Member states of the European Union, individually and as a regional entity, have also repatriated thousands of child migrants, without regard to best interests considerations. The case of five-year-old Tabitha Mitunga, forcibly repatriated alone from Belgium to the DRC as she sought reunification with her mother in Canada, attracted unprecedented attention. However, thousands of migrant children continue to be repatriated. Many are forced to leave transit locations (Libya is a notable example given its central role as an EU buffer state), blocked from their planned onward journeys and instead compelled to return to countries of origin they desperately hoped to leave.

The very large-scale forced return caused by nationwide responses to the COVID-19 pandemic builds on this flawed set of antecedents. Child-specific policies, the best interests considerations mandated by international law, have been largely absent in the headlong rush to lockdown. Forced child migrants across the globe, whether internal or international migrants, accompanied or unaccompanied by their families, have been affected. For some, like 12-year-old Indian migrant child laborer Jamlo Madkam, the lockdown, not the virus, was a death sentence: unaccompanied and without support, she perished trying to walk the 200 miles to her village of origin.

In the absence of reliable contemporaneous data, one can only speculate on the extent to which this fate may have befallen other migrant children. In the month of March alone, returns of Afghani migrants from Iran, including unaccompanied children, increased by 171%, reaching record weekly totals. Blanket returns of unaccompanied children and teenagers from the Southern US borders also rose sharply, purportedly as an immediate outcome of COVID-19: 10,000 migrants, among them children, were forcibly returned to insecure settings in Mexico from the US without any prior health checks, three weeks after novel COVID-19 measures to “protect public health” were enacted. In late March, thousands of migrants were forcibly returned to Niger from Algeria and Libya after being made to walk in the Sahara Desert. According to experts, 1,700 children were involuntarily repatriated to Niger from Nigeria within a few days of the closure of Quranic schools in response to the pandemic.

Migrant child in Moria camp, Greece

Migrant child in Moria camp, Greece

 

What is to be done?

A global pandemic requires very local responses. Many governments have failed to meet this challenge, or to act on context-specific data, informed by fundamental human rights obligations. Instead, repatriation in the name of public health has overtaken (or compounded) repatriation at the service of national security and public order.
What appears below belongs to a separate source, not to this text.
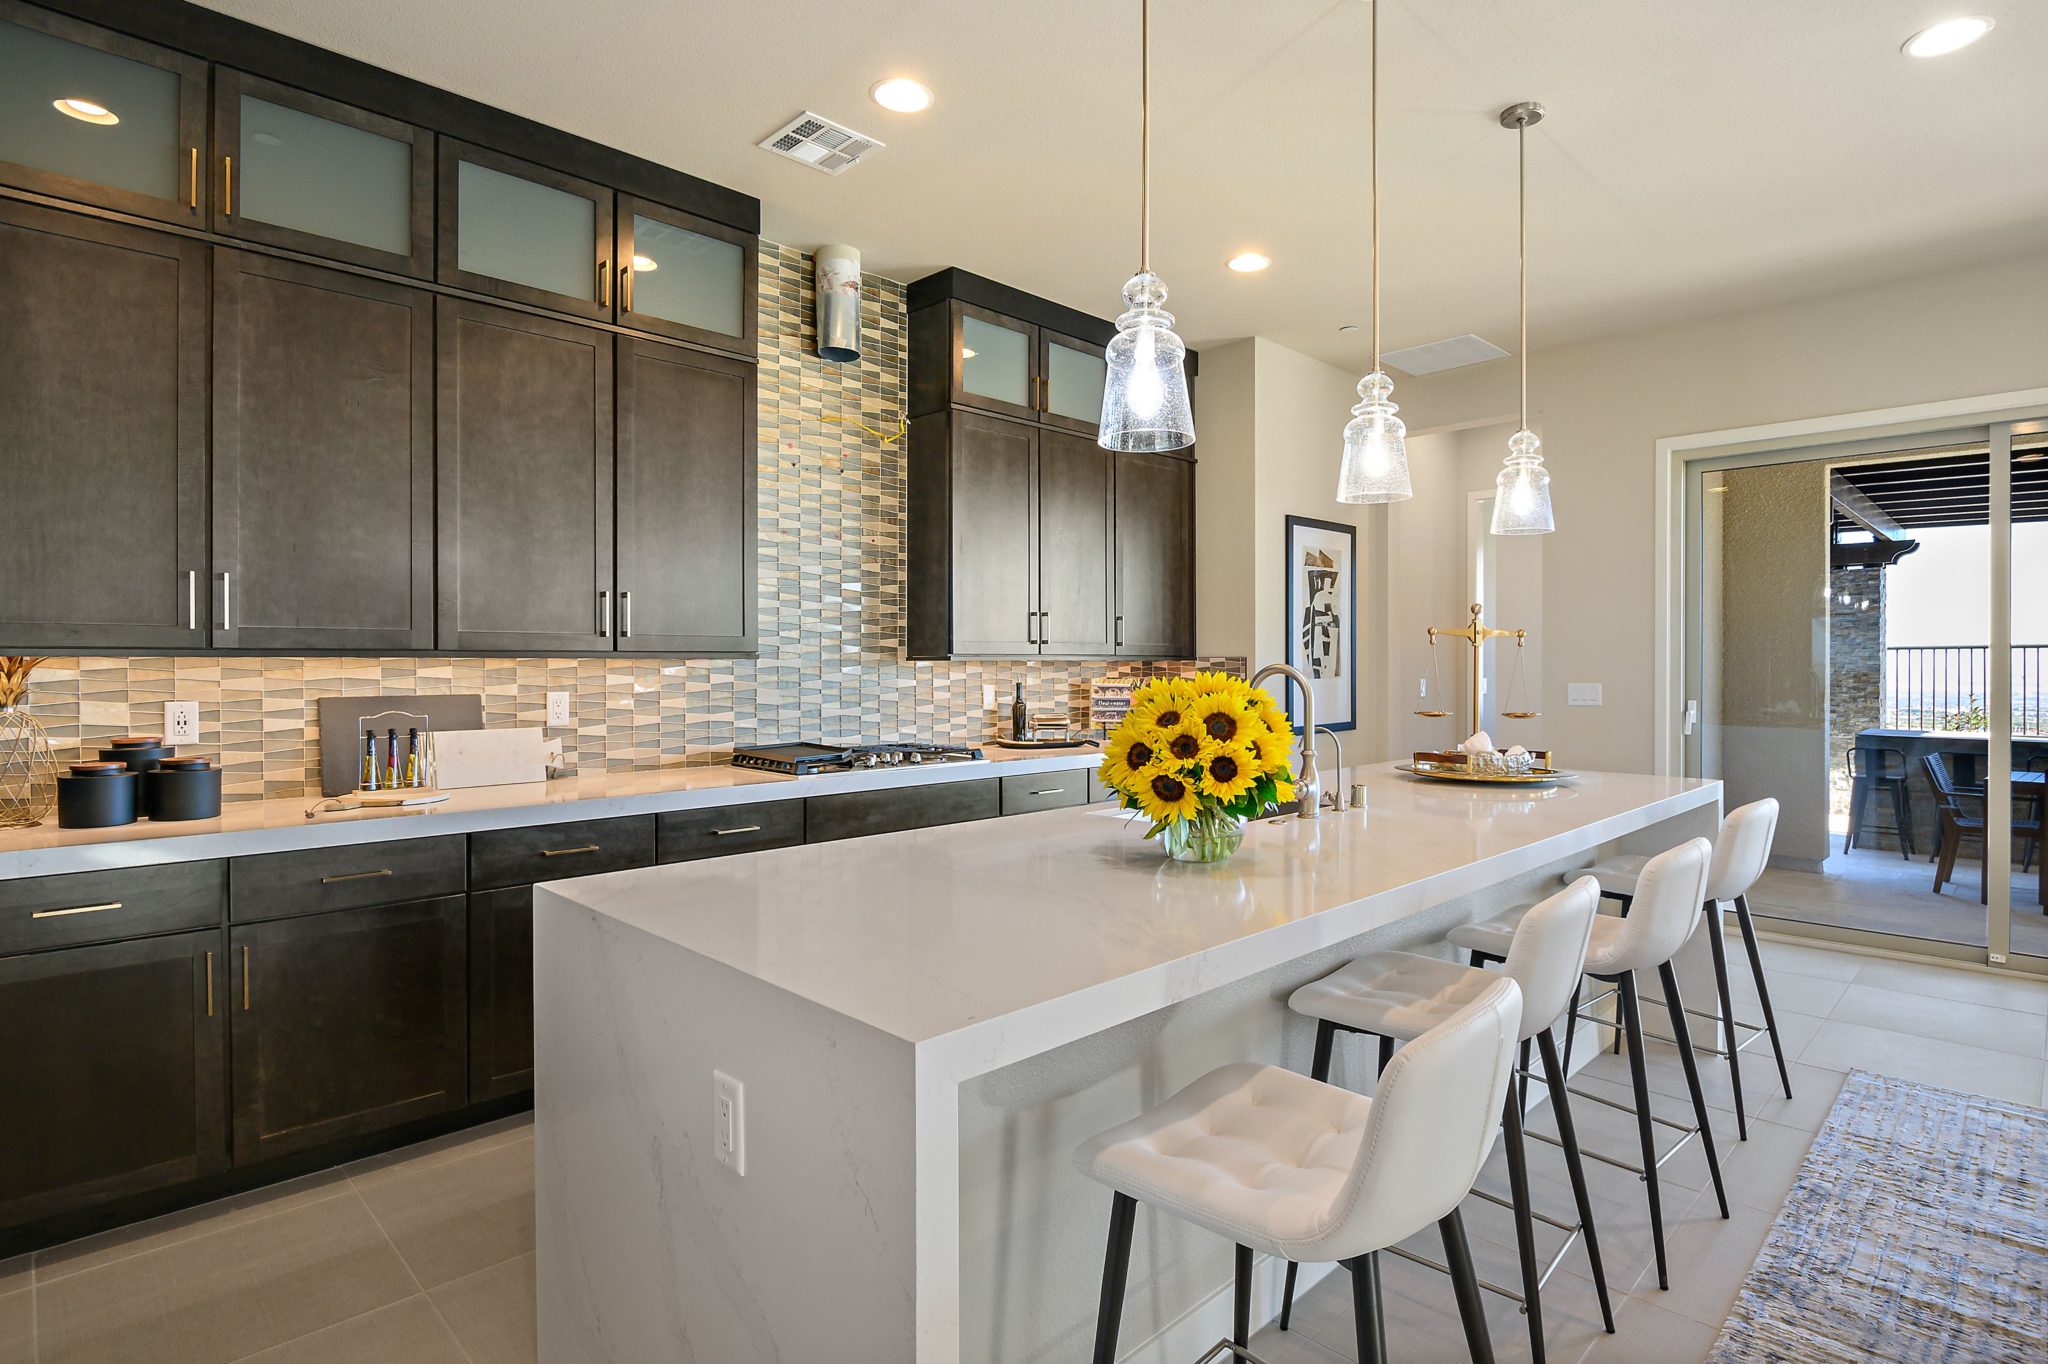 Kitchen of Sunflower Model at Savannah by Taylor Morrison

Regardless, for many child and other migrants, the process and the result are the same: cancellation, without consultation or consideration, of plans developed to improve one’s sense of security and wellbeing; removal, without careful reflection or a weighing of the relevant evidence, back to a place intentionally left behind; denial of the right to have one’s best interests individually assessed and evaluated.
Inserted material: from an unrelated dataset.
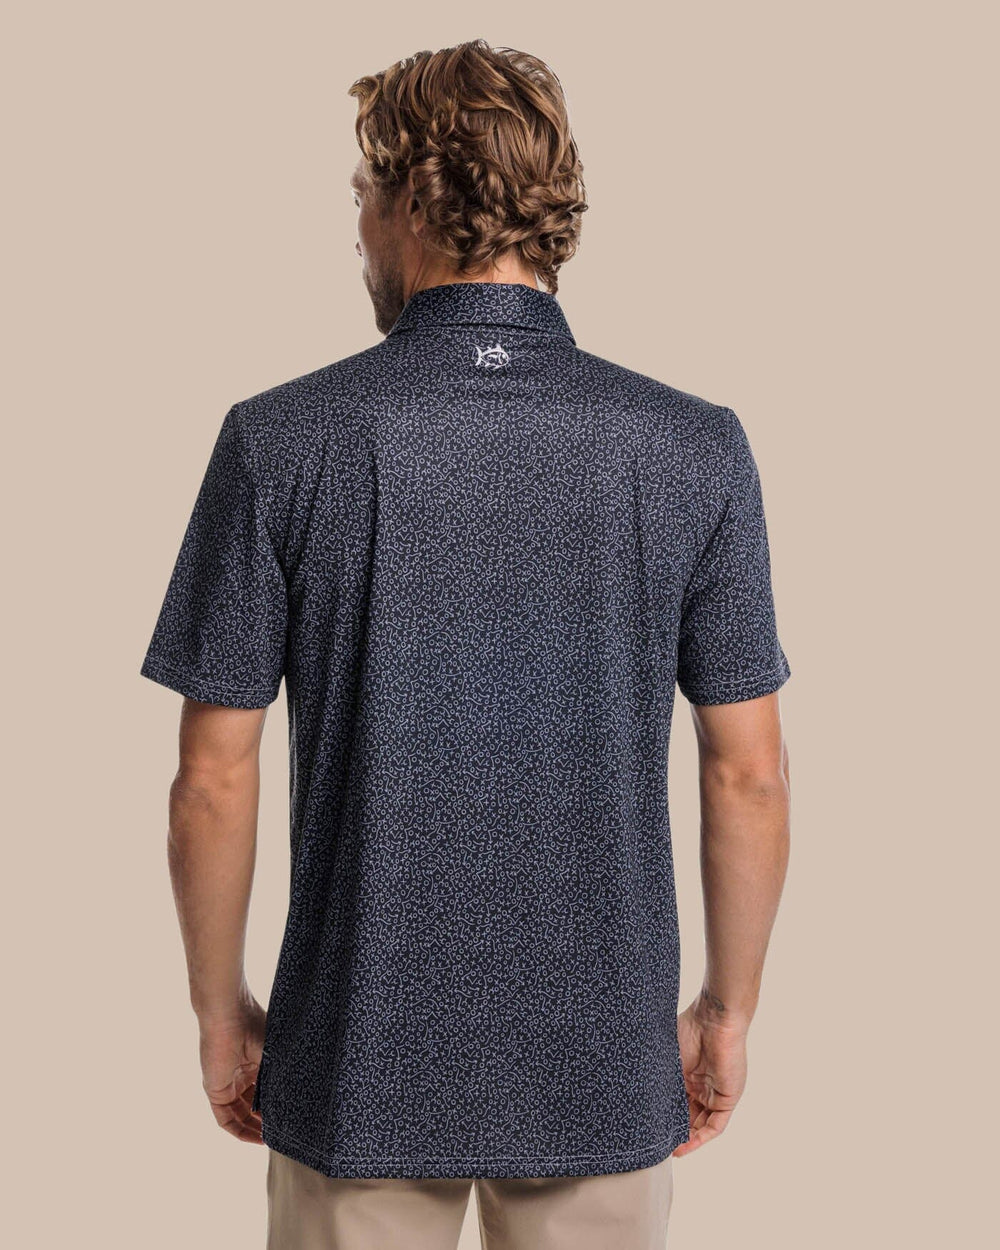 The back view of the Southern Tide Driver Gameplay Polo by Southern Tide - Black

Return “home” may be in the best interests of child laborers toiling in exploitative contexts far from their families, but the return must be supported, planned through consultation, and supervised. Return “home” may be in the best interests of child asylum seekers stuck at a border, but the relevant “home” may be with relatives in the destination – not the origin – country. Return “home” may be best served by an onward journey that affords educational or employment opportunity, as a prelude to a more secure and sustainable voluntary repatriation in the future.
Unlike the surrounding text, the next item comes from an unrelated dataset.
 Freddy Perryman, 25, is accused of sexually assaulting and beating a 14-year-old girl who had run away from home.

Our research suggests that forced repatriation all too often paves the way for re-migration, at even higher physical, financial and emotional cost than the original journey. Return “home” must be informed by a best interests assessment and determination that takes state child protection obligations as a non-negotiable starting point for public health, public safety and public security. Anything less is an illegitimate abuse of power in the face of vulnerability. Courageous children in search of safety and opportunity are an asset to nurture, not a threat to expunge.